OSDev.org
https://forum.osdev.org/

Design problem/question on FS design
https://forum.osdev.org/viewtopic.php?f=1&t=12623
Page 1 of 1

Author:  Candy [ Fri Jan 05, 2007 1:29 pm ]
Post subject:  Design problem/question on FS design

I'm working on the *FS mkfs tool. It works up to the level that I've come to the part where you take minute decisions that make a huge impact later on.

I'm implementing the support for copy-on-write files, where a file inode is shared by multiple file links, which can only write to it by copying it before the actual write. This works fine. I am considering, if you allow this for directory inodes as well, writing a file includes checking all of its predecessors and possibly copying a number of them. Not allowing this would weaken it since you'd still get loads of copies of the directory tree.

What do you think?

Author:  Brynet-Inc [ Fri Jan 05, 2007 1:54 pm ]
Post subject: 

Sounds cool Candy.. :)

*FS? I'm guessing by the asterisk your designing your own file system and haven't picked a name?

How about CFS? Candy File System.. hehehehe :P

An example of COW here is neat.. Surprised I never seen it before :?

To me it just seems like a bit of a space waister.. As it looks like it's just making duplicates of the file.. How's it different then making a copy of the file normally using cp? (Or is the duplicate temporary.. in memory?)

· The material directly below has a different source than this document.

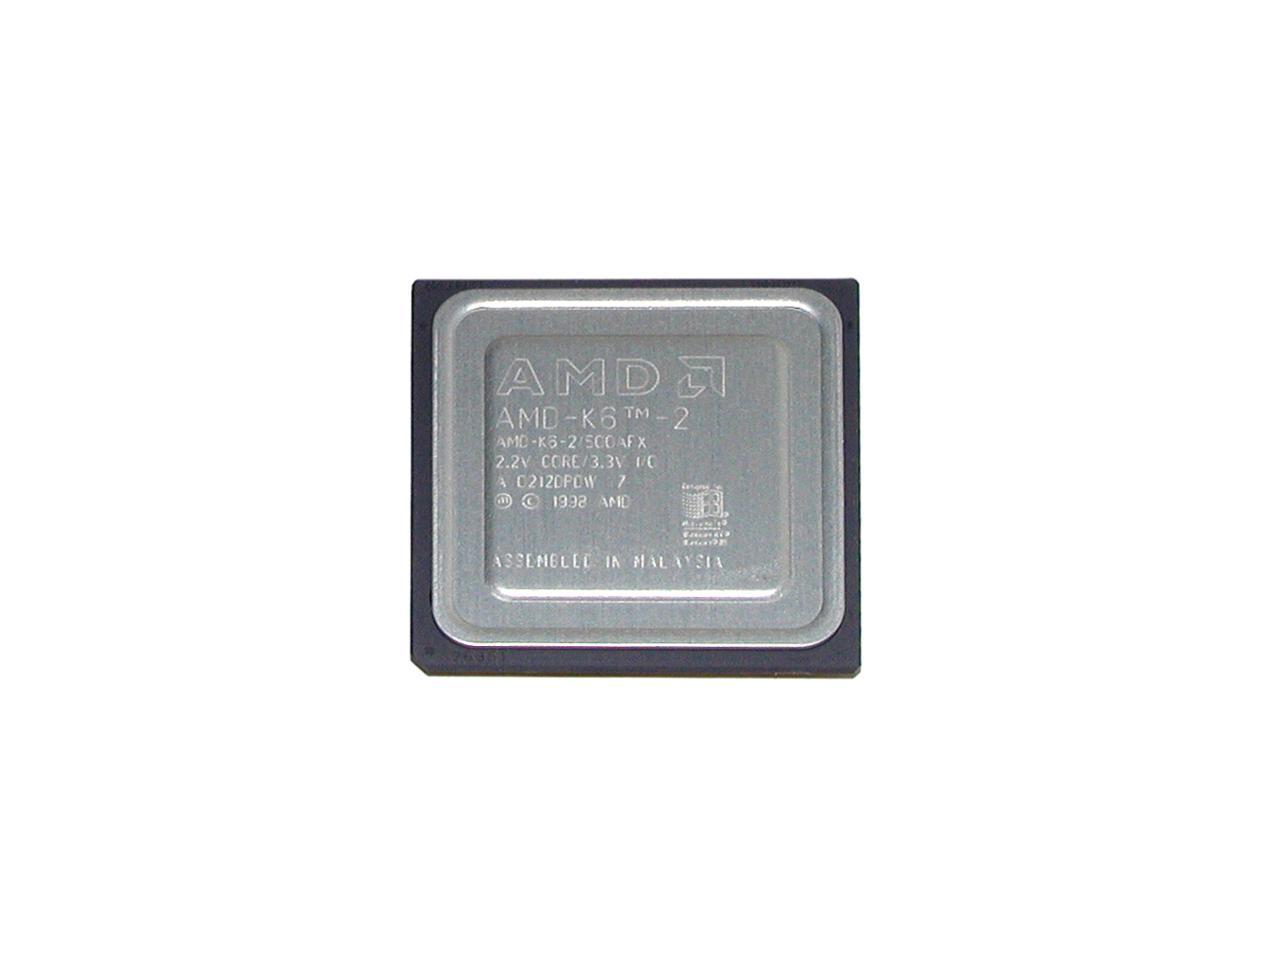 AMD K6-2 Chomper 500 MHz Socket 7 K62500AFX-N Processor

Author:  Candy [ Fri Jan 05, 2007 2:07 pm ]
Post subject: 

Brynet-Inc wrote:
*FS? I'm guessing by the asterisk your designing your own file system and haven't picked a name?

The name is StarFS, short name is *FS.

Quote:
An example of COW here is neat.. Surprised I never seen it before :?

To me it just seems like a bit of a space waister.. As it looks like it's just making duplicates of the file.. How's it different then making a copy of the file normally using cp? (Or is the duplicate temporary.. in memory?)


Suppose you have a source tree. You make a daily backup by copying it to a subdirectory of the appropriate name with a date in it. Every copy takes space for the entire tree of files. The idea is, since the files are the same, and you're most likely not going to write any of them (since the most likely reason for copies is backups or something similar) why copy at all?

So, instead, you link to the inode like a unix hardlink. Except, when you write you instead copy & write the file so it appears to be just another file.

It allows for a number of things that previously were plain stupid:

- You could make your file system function like GMail, in that you don't put a file in one directory but you put it in each directory that applies. As long as you don't change it, it'll be the same in each directory.

- You can add intelligent diff management to the filesystem so instead of actually COWing the file it creates a new inode with a backlink and a diff method, and only stores the diff. That way you never delete anything that you've backed up and you won't waste space duplicating half the file either. Not too sure on this though, but it's a point we were thinking on.

Author:  smbogan [ Fri Jan 05, 2007 4:32 pm ]
Post subject: 

Yes, but I would include the diff system with the filesystem. I don't see a reason why you wouldn't want it...except maybe speed...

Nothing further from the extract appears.